Schweineschnitzel oder gebratenes Hühnerfleisch sind heute Teil der Japanischen Küche. Fisch sowieso. Doch das war einmal ganz anders: Nicht nur Fleisch-, sondern auch Fischkonsum wurde einst in Japan aus ethischen und religiösen Gründen verboten. Im 7. Jahrhundert wurde Japan im Zuge umfassender Reformen vegetarisch, unter Kaiser Temmu wurde der Verzehr von Fleisch untersagt. Sein Nachfolger verfügte im Jahre 721 die Freilassung aller Vögel. Der nächste Thronfolger, Kaiser Seimu, befahl im Jahre 725, dass alte Pferde und Wasserbüffel, die im Ackerbau eingesetzt wurden, nicht mehr getötet werden durften. Die Bevölkerung aß neben Reis, Seetang und Algen, Gemüse und Obst - aber immer noch Fisch und Muscheln.

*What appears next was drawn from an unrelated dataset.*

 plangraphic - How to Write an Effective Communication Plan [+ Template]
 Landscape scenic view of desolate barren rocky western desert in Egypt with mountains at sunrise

Das war Mitte des 11. Jahrhunderts dann auch vorbei. Abgedankte Kaiser übernahmen in buddhistischem Gedankengut die Verwaltung des Landes, verboten den Fischfang. Eine vegane Nation war geboren. Vielleicht auch nur, da Japan über viele Jahrhunderte vom Rest der Welt nahezu abgeschnitten war. Missionare, die Japan zu Fleischkonsum bekehren wollten, wurden noch im 18 Jahrhundert des Landes verwiesen. Erst am 31. März 1854 wurde der Vertrag von Kanagawa unterschrieben, ein Handelsabkommen zwischen Japan und den USA. Die vegane Zeit war somit beendet.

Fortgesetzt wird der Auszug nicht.